The last line of the script above saves the mean of the mean square error (MSE) estimates from the validation data. The independent MSE estimator, accounts for both systematic and random errors in the modeling. This estimate of the MSE is needed for quantifying the uncertainties, as this error is in addition to that which are accounted for by the bootstrap model, which are specifically those associated with the deterministic model component i.e. the model relationship between target variable and the covariates.
Subsequently an overall prediction variance (at each point or pixel) will be the sum of the random error component (MSE) and the bootstrap prediction variance (as estimated from the mean of the realisations from the bootstrap modeling).

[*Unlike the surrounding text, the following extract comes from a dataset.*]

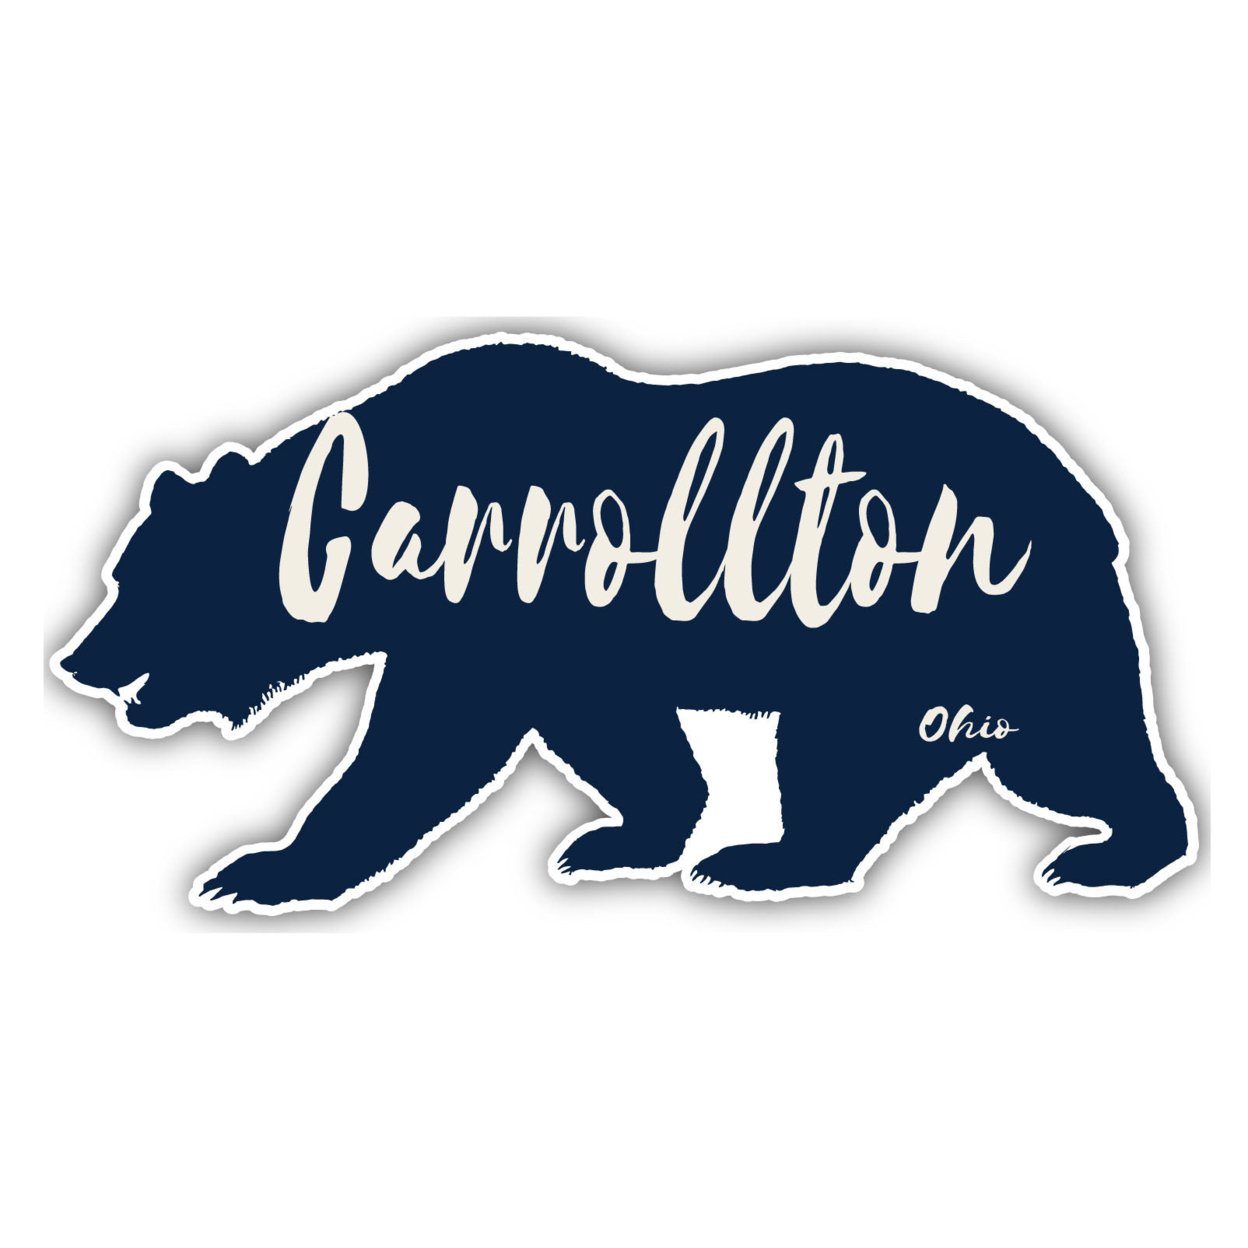 Carrollton Ohio Souvenir Decorative Stickers (Choose Theme And Size) - Single Unit, 8-Inch, Bear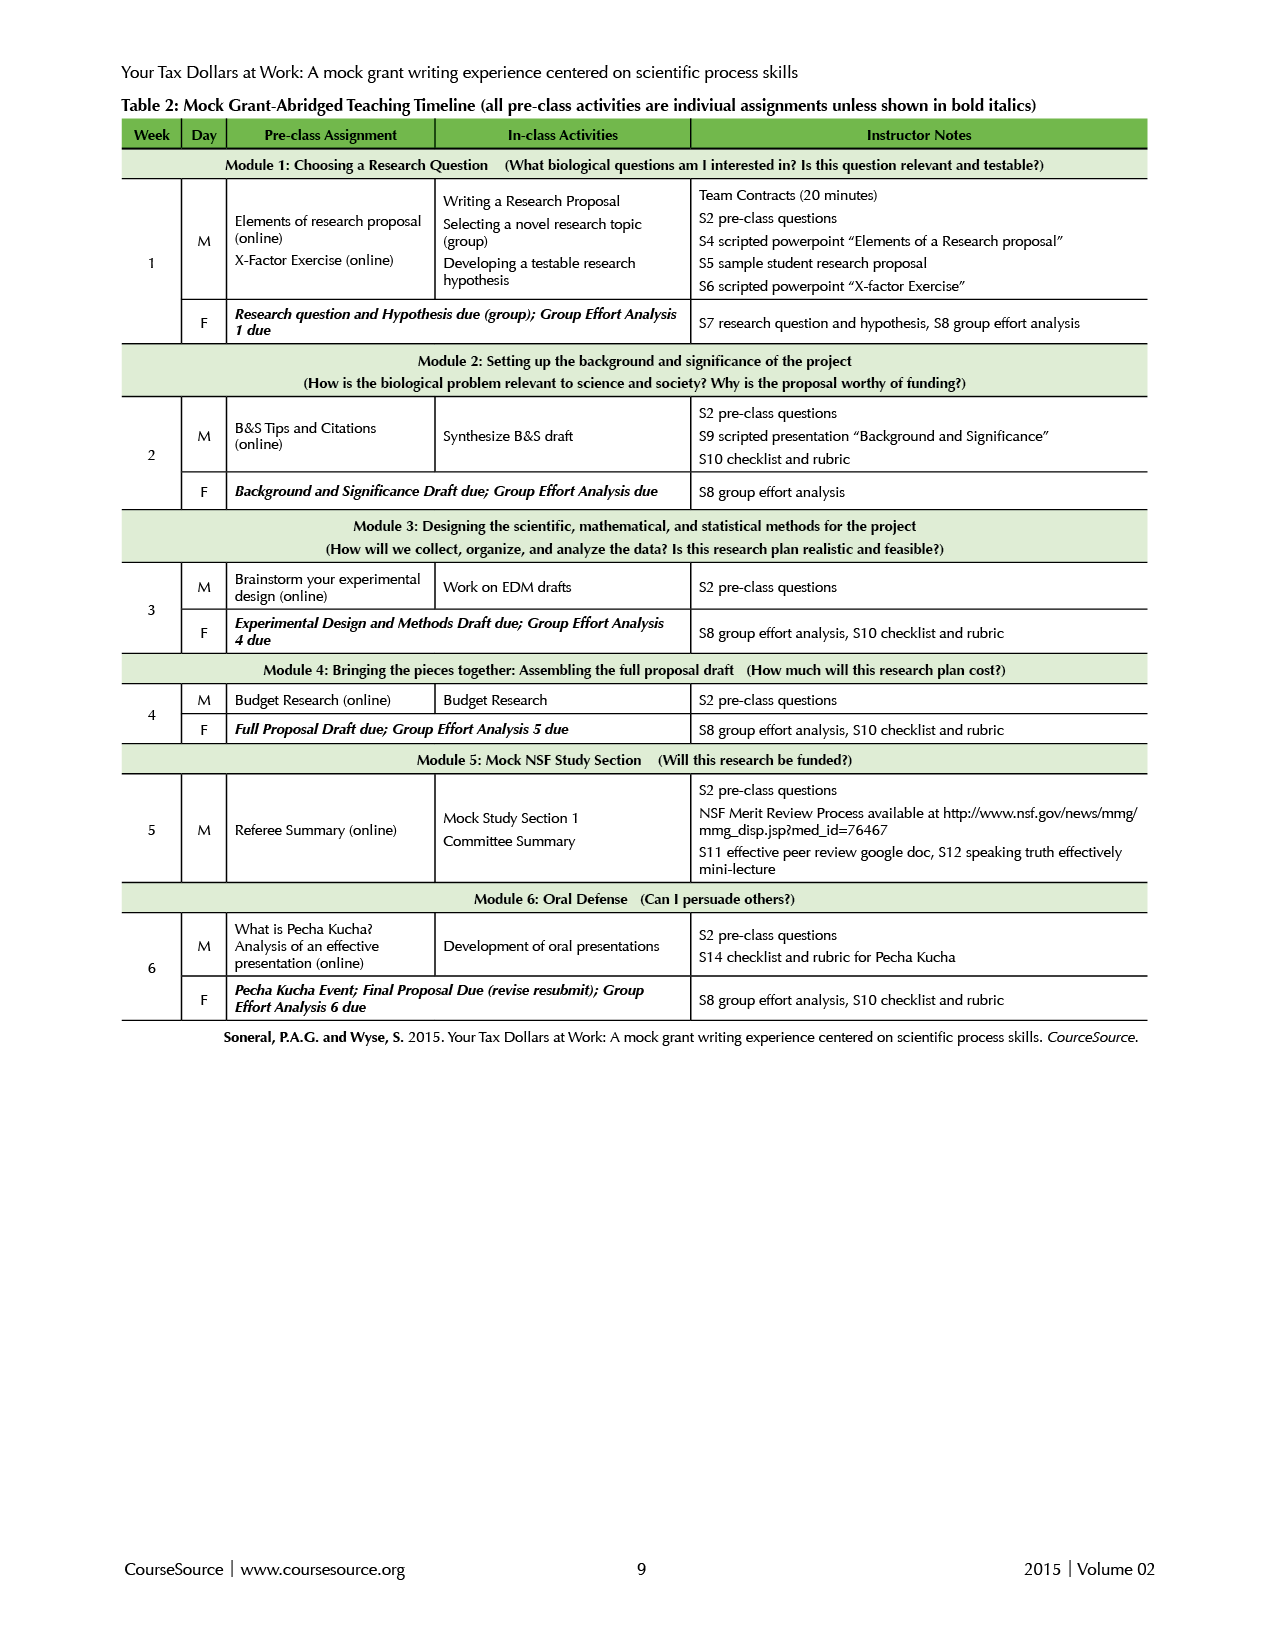 Table 2. Mock Grant-Abridged Teaching Timeline

Mapping predictions and model uncertainties
Our initial purpose here is to derive the mean and the variance of the predictions from each bootstrap sample. This requires loading in each bootstrap model, applying into the covariate data, then saving the predicted map to file or R memory. In the case below the predictions are saved to file. This is illustrated in the following script:
## Mapping ### Note you will likely have different file path names ###
for (i in 1:nbag) {
fit_cubist <- readRDS(c.models[i])
mapFile <- paste0("bootMap_", i, ".tif")
# predict
terra::predict(object = hv.sub.rasters, model = fit_cubist, filename = mapFile, overwrite = T)}
To evaluate the mean at each pixel from each of the created maps, the terra::app
function is used which allows both existing and custom functions to be used to apply statistical analyses and summaries of raster data. The mean
and var
functions are examples of standard functions able to be incorporated into the terra::app
functionality.
First we need to get the path location of the rasters. Notice from the list.files
function and the pattern
parameter, we are restricting the search of rasters that contain the string bootMap
. Next we make a stack of those rasters, followed by the calculation of the mean and variance. As we can add variances and not standard deviations, the final prediction variance is simply the sum of the variance of bootstrap derived maps and the estimate of the systematic and random models (avGMSE
) that was calculated earlier from the out-of-bag data cases.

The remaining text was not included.